Sojka’s sister, Burnaby’s Helen Sonja Francis, died in a car accident on Feb. 28, 2005, after the car she was in crashed near Houston, B.C. Helen worked as a local nurse and left two young children behind.

The driver, an ex-boyfriend, was allegedly impaired at the time. The courts, however, deemed the incriminating evidence inadmissible because the warrant to obtain a blood sample was faulty. It was granted 13 minutes after the Criminal Code’s four-hour deadline. (In order for investigators to get a blood sample, a warrant must be obtained within four hours after an accident occurs.)

Sojka has since been advocating to get the warrant deadline extended.

Stewart presented Helen’s Law in the House of Commons a number of times, but it had never passed.

Then, in 2017, federal Minister of Justice Jody Wilson-Raybould notified Sojka that his amendment had been grouped in with Bill C-46, a host of Criminal Code amendments related to impaired driving. (Bill C-46 will also allow police to take a roadside breath sample without evidence that the driver is under the influence.)

“I took on this long, drawn-out and challenging mission inspired by (former federal NDP Leader) Jack Layton's words as spoken in his final speech, ‘Don't let them tell you that it can't be done,’” Sojka said.

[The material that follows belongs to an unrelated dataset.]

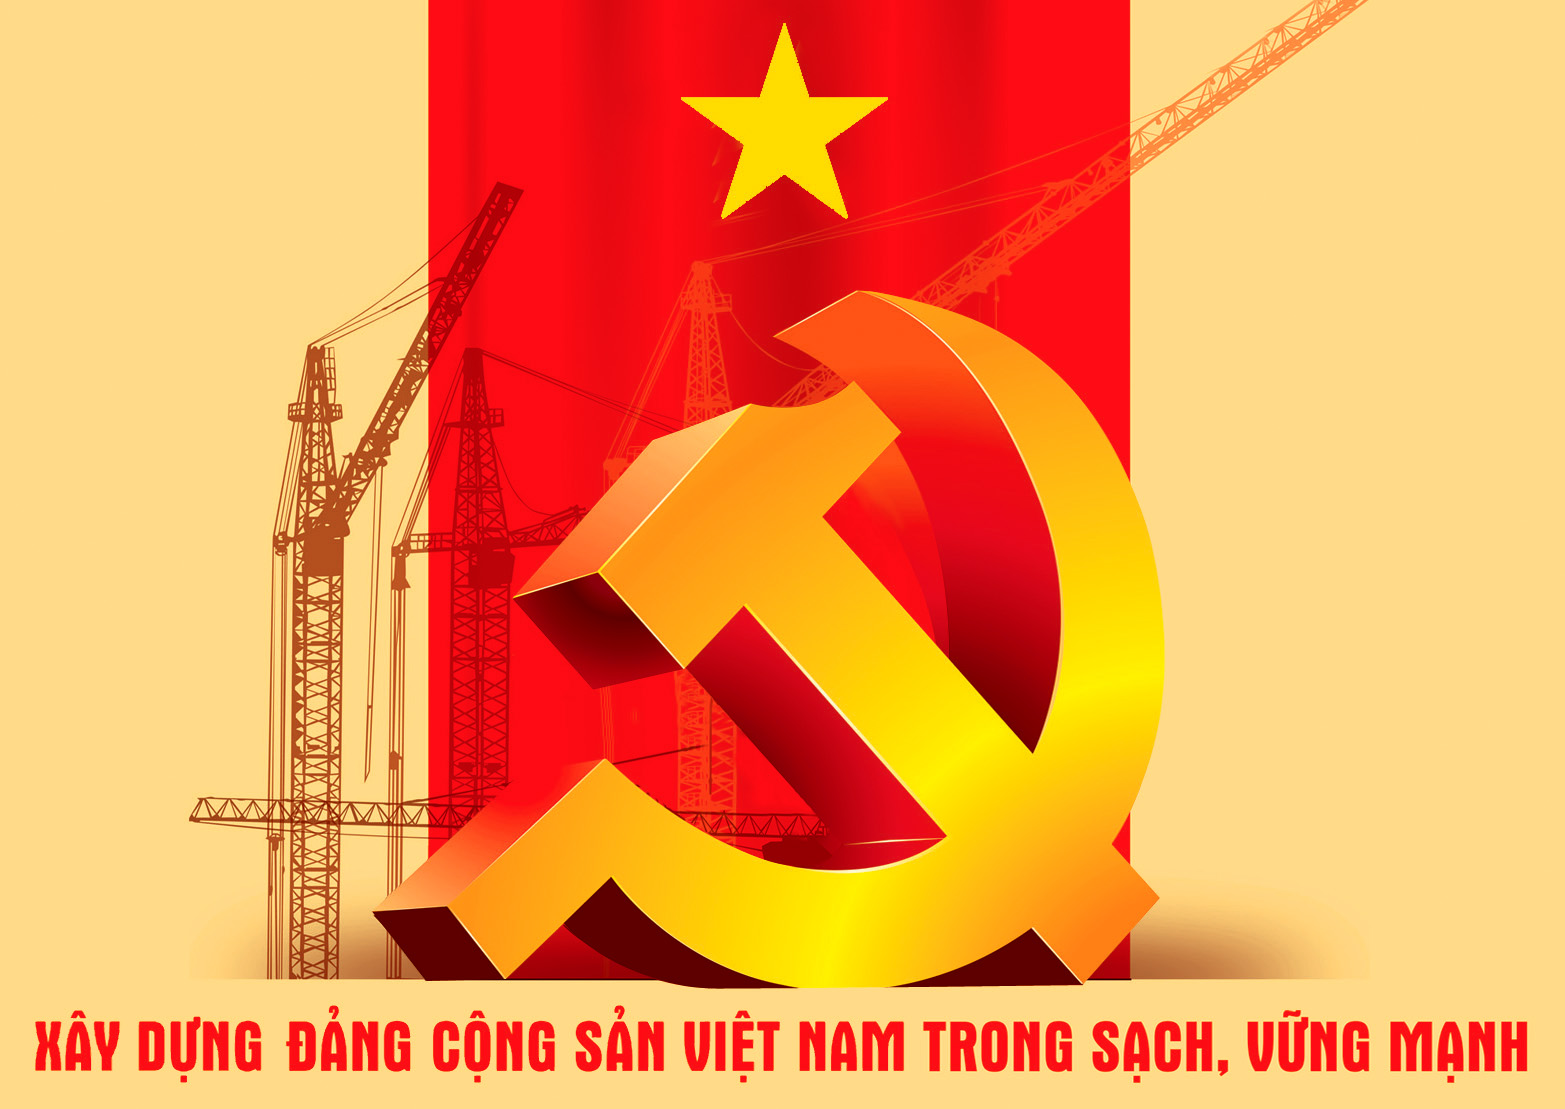 Hình cờ đảng cộng sản là một tuyên ngôn mạnh mẽ về tình yêu với đất nước, lòng trung thành với đảng và nhân dân. Sự hiện diện của biểu tượng này là một cách thể hiện quyết định phương trình và định hướng phát triển cho đất nước. Hãy xem hình cờ đảng cộng sản để hiểu rõ hơn về giá trị của nó.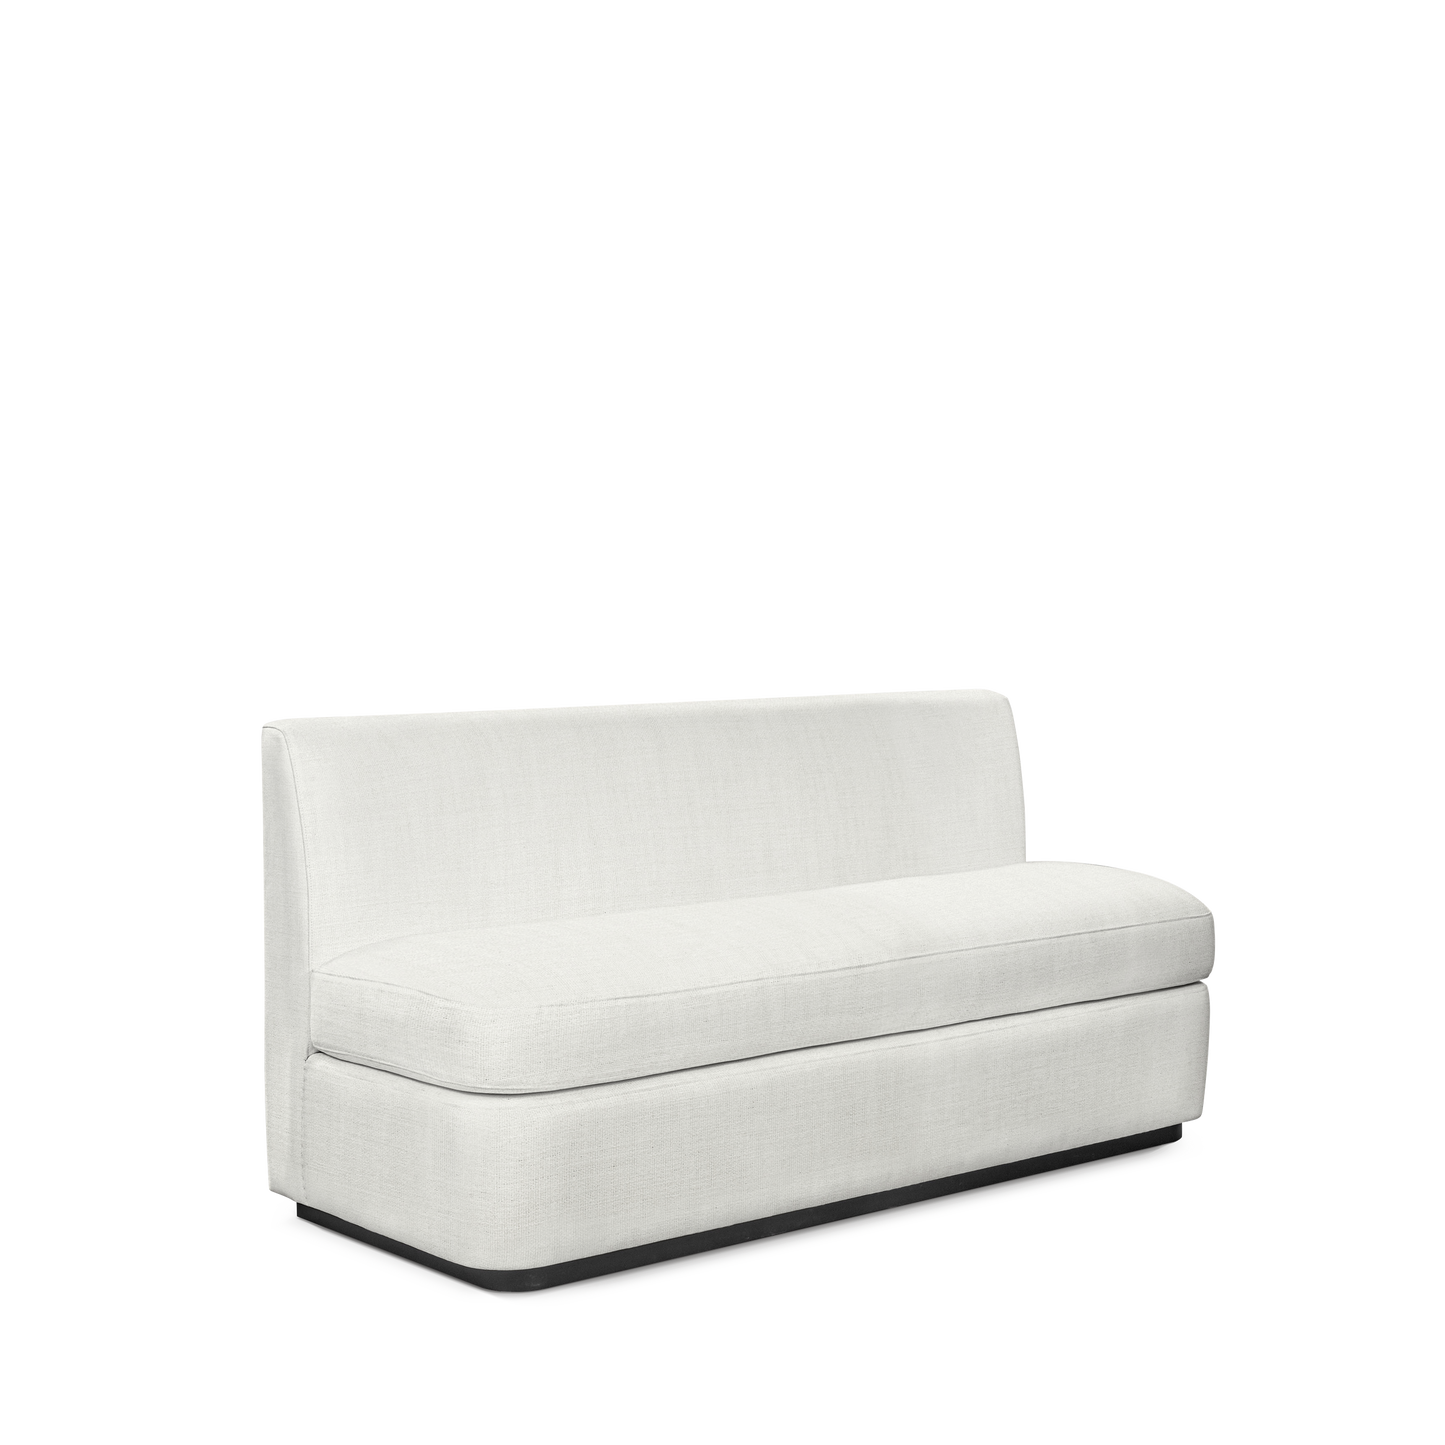  CALMA KITCHEN 3-seater sofa with Rocco white textile

Sojka gave heartfelt credit to Stewart, who has resigned as an MP to run for mayor of Vancouver, and his office staff.

“Without you all,” Sojka wrote, “my road to this finish line may have taken much longer if not been impossible to achieve. Thank you Mr. Stewart for having a vision of what was to be done.”

In a Facebook post about the passing of Helen’s Law, Stewart wrote: “George was the very first constituent with whom I had the pleasure to meet back in 2011 when I was first elected MP for Burnaby-Douglas and my first speech in Parliament was about Sonia and George's story … I want to thank George for his perseverance.”